The plaintiff had applied for a variance relative to road frontage requirements that was denied by the ZBA. The ZBA found that the plaintiff failed to satisfy two of the five variance requirements. The plaintiff’s motion for rehearing was also denied. The plaintiff appealed to the superior court. The superior court dismissed the case on the basis that the plaintiff failed to preserve her appeal rights because her motion for rehearing did not address all five variance requirements but, instead, raised only the two that were the basis for the denial. The superior court relied upon RSA 677:3. That statute provides, in pertinent part:
A motion for rehearing … shall set forth fully every ground upon which it is claimed that the decision or order complained of is unlawful or unreasonable. No appeal from any order or decision of the zoning board of adjustment, a board of appeals, or the local legislative body shall be taken unless the appellant shall have made application for rehearing as provided in RSA 677:2; and, when such application shall have been made, no ground not set forth in the application shall be urged, relied on, or given any consideration by a court unless the court for good cause shown shall allow the appellant to specify additional grounds.
The superior court interpreted RSA 677:3 as requiring the plaintiff to raise all five variance requirements in her motion for rehearing in order for the variance issue to be preserved for superior court review. The Supreme Court reversed the decision and wrote “We do not read ‘shall set forth fully every ground upon which it is claimed that the decision or order complained of is unlawful or unreasonable’ to place the burden on a [plaintiff] to raise in a motion to reconsider conditions that were not specifically denied by the ZBA.” The Supreme Court concluded that a plaintiff must include in her motion for rehearing only those elements that were specifically denied by the ZBA in its notice of decision, not all elements that were heard by the ZBA.
The plaintiff had also appealed the superior court’s decision to disallow testimony of the town engineer at the trial in the matter.
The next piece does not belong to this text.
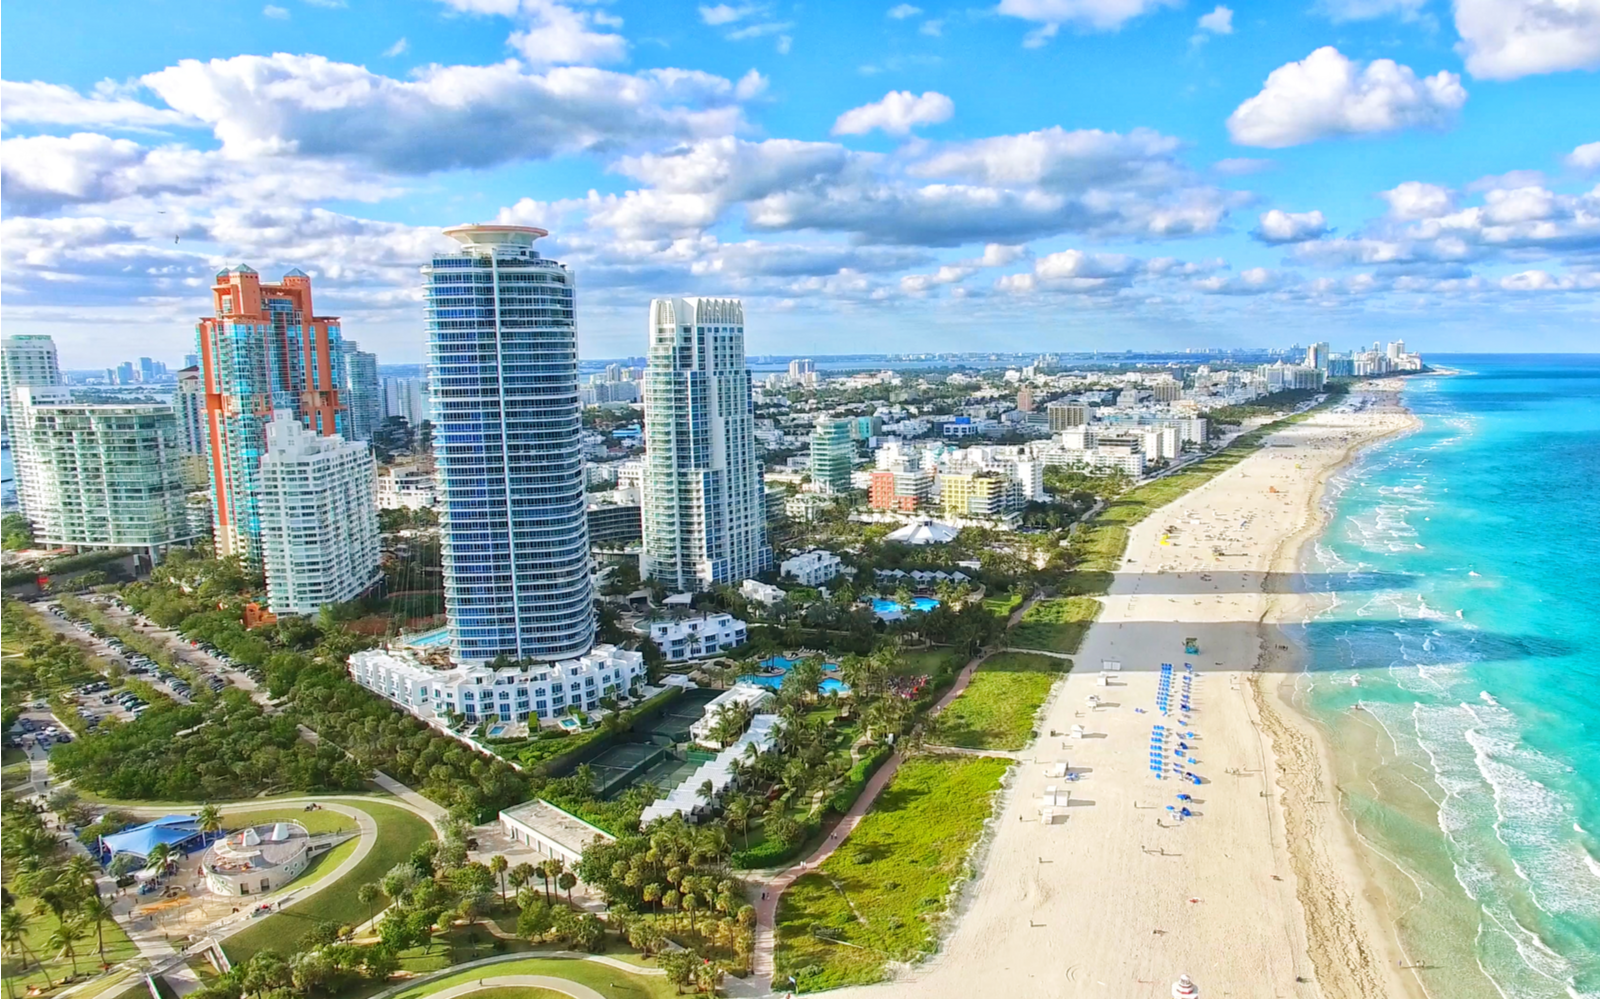 The Best Time to Visit Miami in 2023

The engineer’s testimony had not been part of the certified record transferred to the court by the ZBA. Pursuant to RSA 677:10, the superior court may hear additional evidence in order to assist the court in evaluating the ZBA decision. The court usually receives additional evidence when the record transferred by the ZBA is either incomplete or nonexistent. The decision to receive additional evidence is within the discretion of the court.
In this case, the superior court concluded that the town engineer’s testimony was irrelevant to the issue on appeal; that issue being whether the plaintiff was entitled to a variance. It was on that basis that the court decided to exclude the engineer’s testimony. The Supreme Court agreed, and held that the decision to not allow the plaintiff to supplement the record was a sound exercise of the superior court’s discretion.